Exercise goal>
Below are some records; state how many of their lines contain the word "Home", and add nothing.

[Listed entries Boundary: Start]

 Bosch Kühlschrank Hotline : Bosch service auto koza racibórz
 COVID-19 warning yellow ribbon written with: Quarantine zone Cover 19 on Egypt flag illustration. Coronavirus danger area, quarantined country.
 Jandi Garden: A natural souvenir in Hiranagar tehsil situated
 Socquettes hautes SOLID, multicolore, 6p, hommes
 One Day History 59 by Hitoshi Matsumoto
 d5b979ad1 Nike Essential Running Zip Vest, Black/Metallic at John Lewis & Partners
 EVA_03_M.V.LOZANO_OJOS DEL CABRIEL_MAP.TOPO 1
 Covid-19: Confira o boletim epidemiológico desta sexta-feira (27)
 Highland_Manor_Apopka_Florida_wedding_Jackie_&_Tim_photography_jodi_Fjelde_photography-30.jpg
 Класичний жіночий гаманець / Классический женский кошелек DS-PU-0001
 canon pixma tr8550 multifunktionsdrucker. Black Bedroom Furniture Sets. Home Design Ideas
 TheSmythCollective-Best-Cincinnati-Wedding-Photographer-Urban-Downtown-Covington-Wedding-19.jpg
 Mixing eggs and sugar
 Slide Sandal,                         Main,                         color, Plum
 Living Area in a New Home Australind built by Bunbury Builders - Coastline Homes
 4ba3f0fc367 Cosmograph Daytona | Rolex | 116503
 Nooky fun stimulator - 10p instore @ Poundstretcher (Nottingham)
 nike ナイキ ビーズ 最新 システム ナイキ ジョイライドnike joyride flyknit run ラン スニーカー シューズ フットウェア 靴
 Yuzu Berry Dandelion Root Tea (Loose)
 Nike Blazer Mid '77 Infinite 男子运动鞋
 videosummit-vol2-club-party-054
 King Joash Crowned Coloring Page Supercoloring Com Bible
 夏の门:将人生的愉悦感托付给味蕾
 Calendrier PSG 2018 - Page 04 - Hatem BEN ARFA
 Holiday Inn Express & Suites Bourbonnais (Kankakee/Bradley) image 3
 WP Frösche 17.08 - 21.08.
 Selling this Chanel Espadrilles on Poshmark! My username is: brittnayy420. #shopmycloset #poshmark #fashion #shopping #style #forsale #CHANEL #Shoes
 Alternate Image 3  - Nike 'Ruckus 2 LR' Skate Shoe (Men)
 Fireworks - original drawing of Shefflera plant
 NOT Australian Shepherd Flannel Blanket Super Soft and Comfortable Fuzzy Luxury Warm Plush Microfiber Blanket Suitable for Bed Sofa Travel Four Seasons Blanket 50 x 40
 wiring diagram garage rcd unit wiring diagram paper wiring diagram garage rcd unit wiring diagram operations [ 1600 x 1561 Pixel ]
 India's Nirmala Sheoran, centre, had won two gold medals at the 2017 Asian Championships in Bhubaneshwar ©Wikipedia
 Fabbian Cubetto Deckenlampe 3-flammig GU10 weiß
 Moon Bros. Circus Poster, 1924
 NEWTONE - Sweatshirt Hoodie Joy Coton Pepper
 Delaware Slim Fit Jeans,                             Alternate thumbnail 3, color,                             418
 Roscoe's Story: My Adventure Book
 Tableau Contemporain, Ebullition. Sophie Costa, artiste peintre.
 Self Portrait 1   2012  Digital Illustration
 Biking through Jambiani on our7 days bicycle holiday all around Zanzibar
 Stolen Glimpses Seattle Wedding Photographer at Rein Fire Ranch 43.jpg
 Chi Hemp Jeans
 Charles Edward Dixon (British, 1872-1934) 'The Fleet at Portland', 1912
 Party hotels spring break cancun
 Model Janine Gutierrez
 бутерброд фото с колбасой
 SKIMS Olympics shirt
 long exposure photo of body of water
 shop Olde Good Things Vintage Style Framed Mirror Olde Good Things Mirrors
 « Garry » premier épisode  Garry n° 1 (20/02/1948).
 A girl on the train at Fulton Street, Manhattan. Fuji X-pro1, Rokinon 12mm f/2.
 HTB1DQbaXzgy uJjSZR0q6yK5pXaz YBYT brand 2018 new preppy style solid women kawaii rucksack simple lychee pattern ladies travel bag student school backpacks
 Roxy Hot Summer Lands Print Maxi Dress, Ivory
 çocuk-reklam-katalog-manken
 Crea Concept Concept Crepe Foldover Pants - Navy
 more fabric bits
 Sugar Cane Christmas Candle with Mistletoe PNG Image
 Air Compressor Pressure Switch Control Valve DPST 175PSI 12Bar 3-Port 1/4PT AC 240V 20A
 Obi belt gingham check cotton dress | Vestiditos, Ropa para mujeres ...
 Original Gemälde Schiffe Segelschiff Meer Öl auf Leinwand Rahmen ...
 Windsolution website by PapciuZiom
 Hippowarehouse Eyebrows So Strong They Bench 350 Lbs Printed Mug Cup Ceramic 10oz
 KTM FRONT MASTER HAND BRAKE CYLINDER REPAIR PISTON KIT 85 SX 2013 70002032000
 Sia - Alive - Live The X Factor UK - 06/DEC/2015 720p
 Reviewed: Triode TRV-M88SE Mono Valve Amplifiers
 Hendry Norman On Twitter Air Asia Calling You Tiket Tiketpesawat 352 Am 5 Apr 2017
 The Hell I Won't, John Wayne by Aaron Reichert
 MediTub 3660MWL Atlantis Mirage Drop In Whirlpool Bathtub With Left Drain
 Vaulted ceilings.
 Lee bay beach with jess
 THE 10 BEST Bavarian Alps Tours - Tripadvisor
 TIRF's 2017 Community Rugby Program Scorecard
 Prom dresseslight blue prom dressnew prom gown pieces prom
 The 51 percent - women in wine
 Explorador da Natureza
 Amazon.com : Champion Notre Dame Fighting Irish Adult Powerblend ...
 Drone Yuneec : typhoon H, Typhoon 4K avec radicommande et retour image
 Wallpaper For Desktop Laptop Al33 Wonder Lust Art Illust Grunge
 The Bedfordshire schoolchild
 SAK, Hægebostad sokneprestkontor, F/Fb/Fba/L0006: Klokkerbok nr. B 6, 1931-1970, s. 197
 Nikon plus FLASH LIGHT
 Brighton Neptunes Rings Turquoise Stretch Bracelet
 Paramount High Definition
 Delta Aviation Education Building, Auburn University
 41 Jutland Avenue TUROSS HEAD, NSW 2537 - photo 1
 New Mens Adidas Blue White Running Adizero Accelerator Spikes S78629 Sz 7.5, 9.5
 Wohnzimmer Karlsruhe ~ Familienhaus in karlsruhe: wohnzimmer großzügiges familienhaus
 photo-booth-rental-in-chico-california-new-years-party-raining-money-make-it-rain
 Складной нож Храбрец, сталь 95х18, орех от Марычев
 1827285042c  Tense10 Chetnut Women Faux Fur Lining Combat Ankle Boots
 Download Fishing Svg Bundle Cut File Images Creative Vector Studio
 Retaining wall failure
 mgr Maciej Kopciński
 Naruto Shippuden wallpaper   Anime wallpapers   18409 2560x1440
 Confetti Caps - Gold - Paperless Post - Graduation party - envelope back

[Listed entries Boundary: End]

Written answer>
2